## WORK INSTRUCTIONS
Return exactly the lines from the "Best Mother's Day" line through the last line of the entries below. Include no pictures.

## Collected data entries
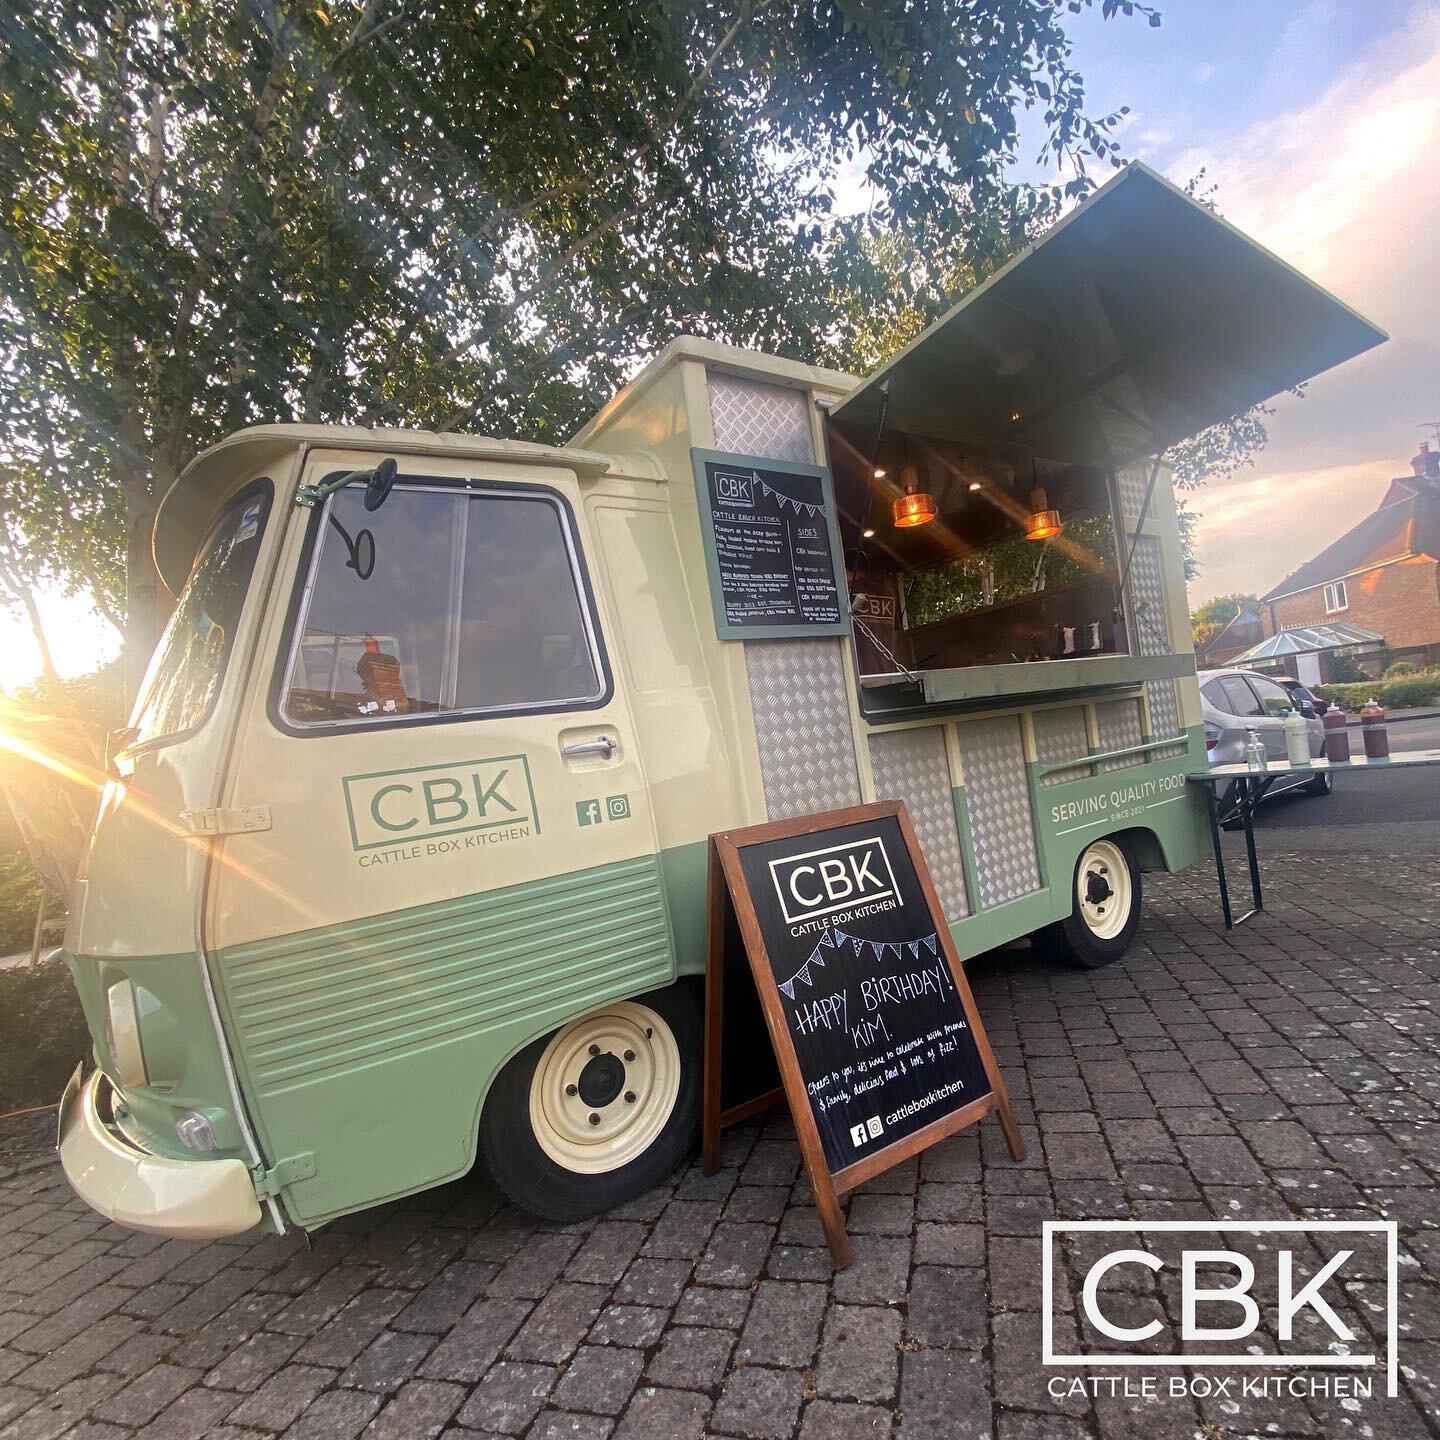 A night out for the truck 🙌🏽 dishing up flavours of the Deep South 🐄 thank you for letting us be a part of the birthday celebrations, Happy Birthday Kim 🥂 
.
#foodtruck #foodvan #cbk #cattleboxkitchen #peugeot #peugeotj7 #vintagetruck #vintagevan
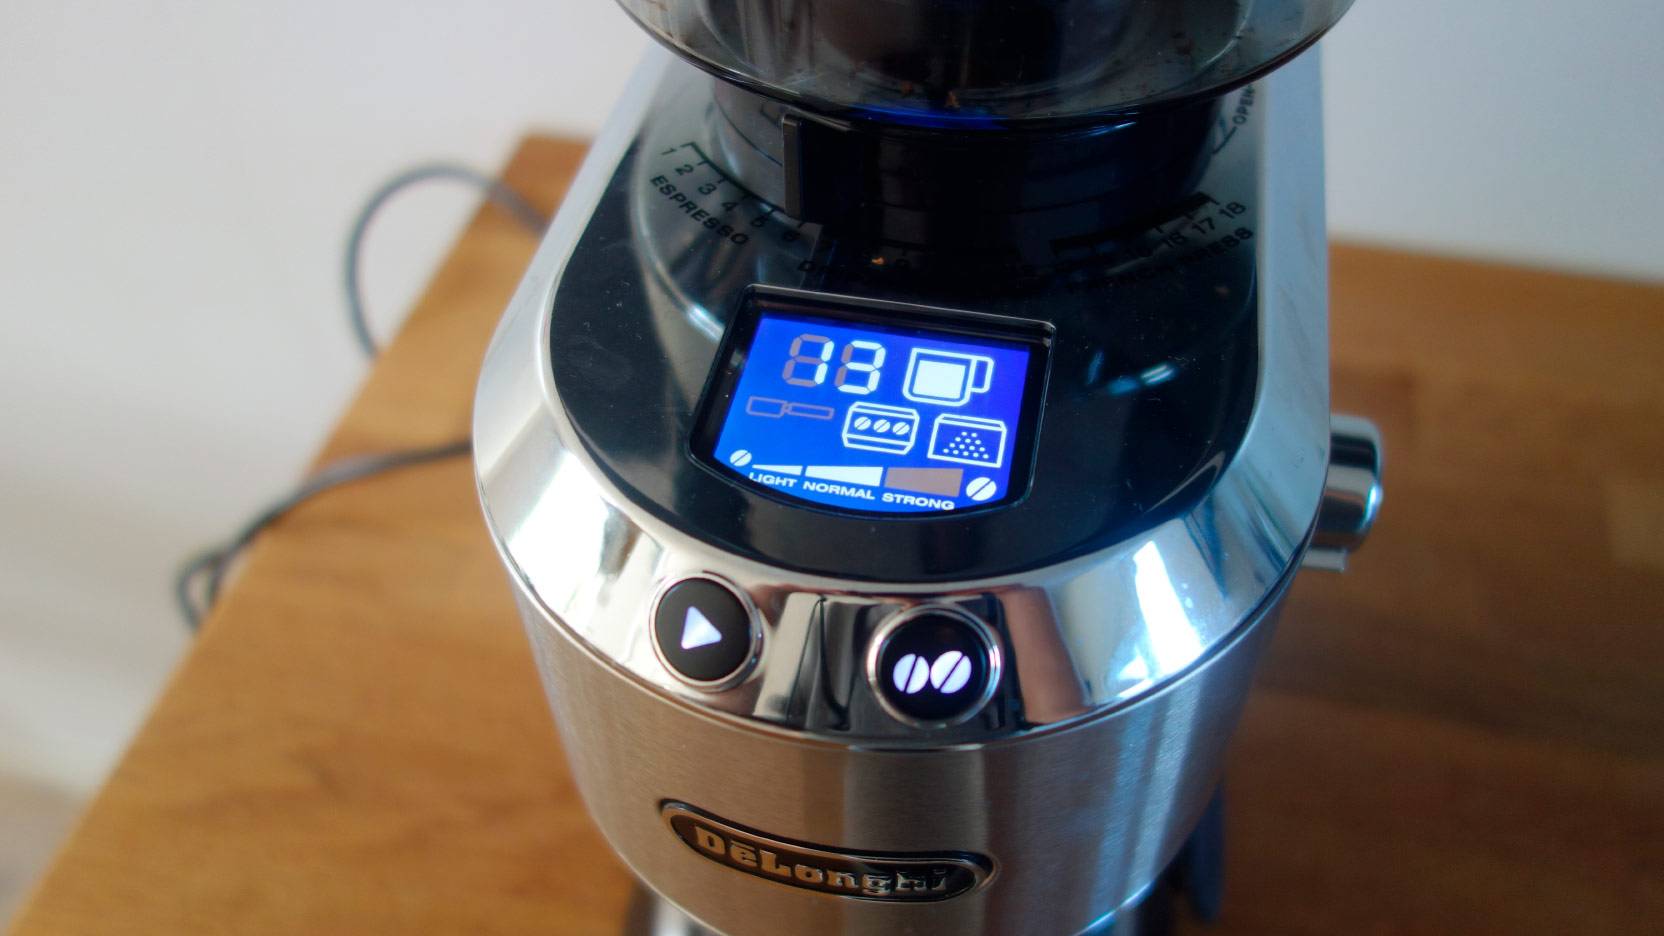 Image of the blue display with the many options on Delonghi KG521 coffee grinder
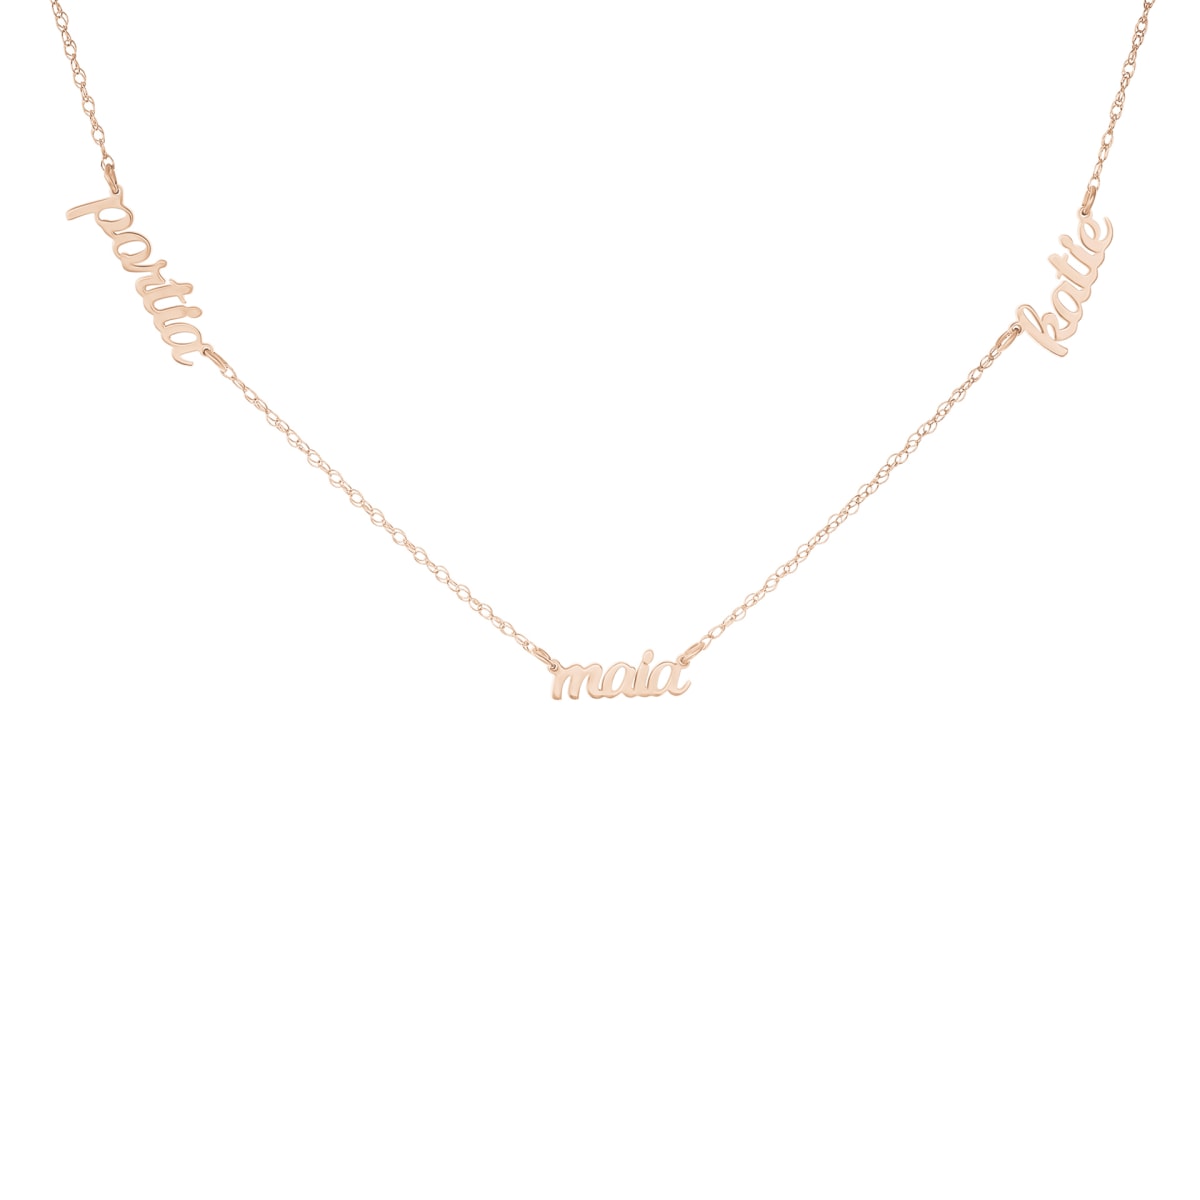 Best Mother's Day Necklaces | 2021 Guide | POPSUGAR Fashion
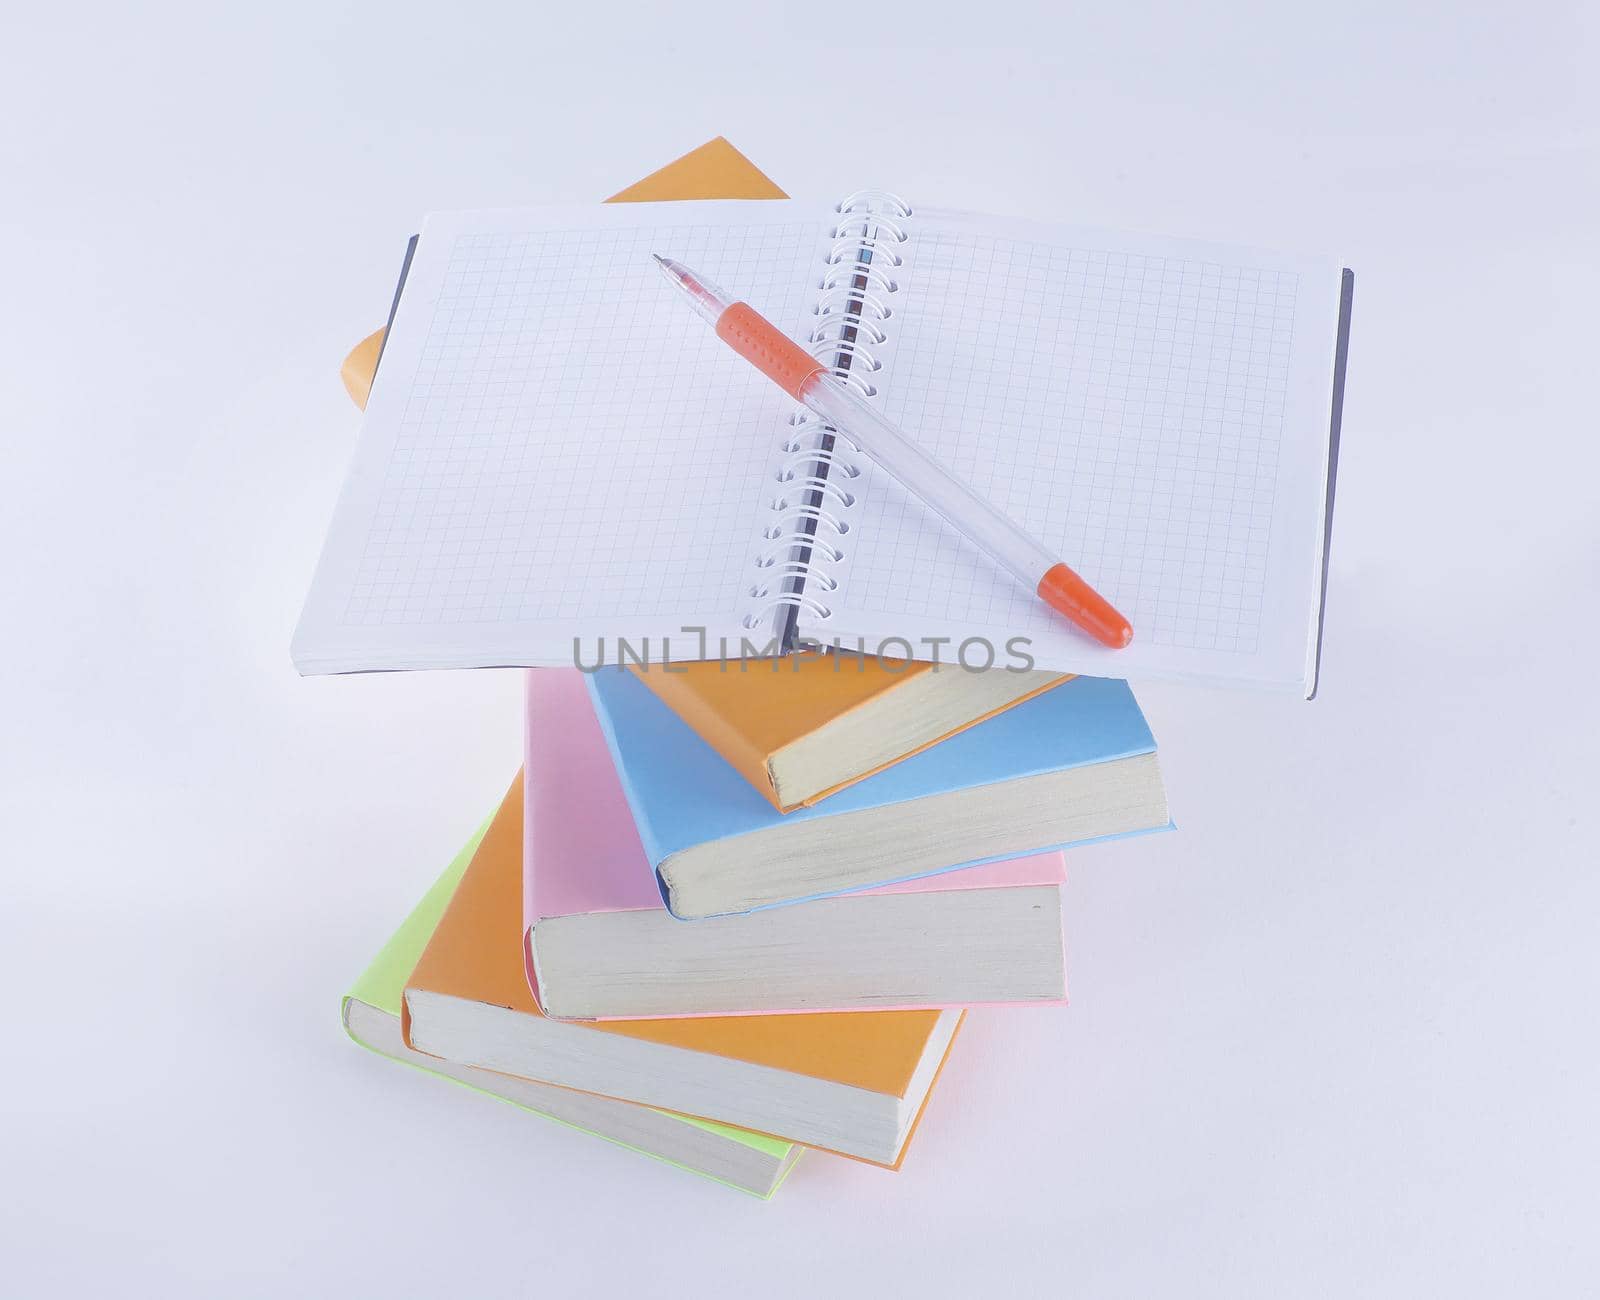 open the notebook, pen and a stack of books on white background.

## RESPONSE AREA
 Best Mother's Day Necklaces | 2021 Guide | POPSUGAR Fashion
 open the notebook, pen and a stack of books on white background.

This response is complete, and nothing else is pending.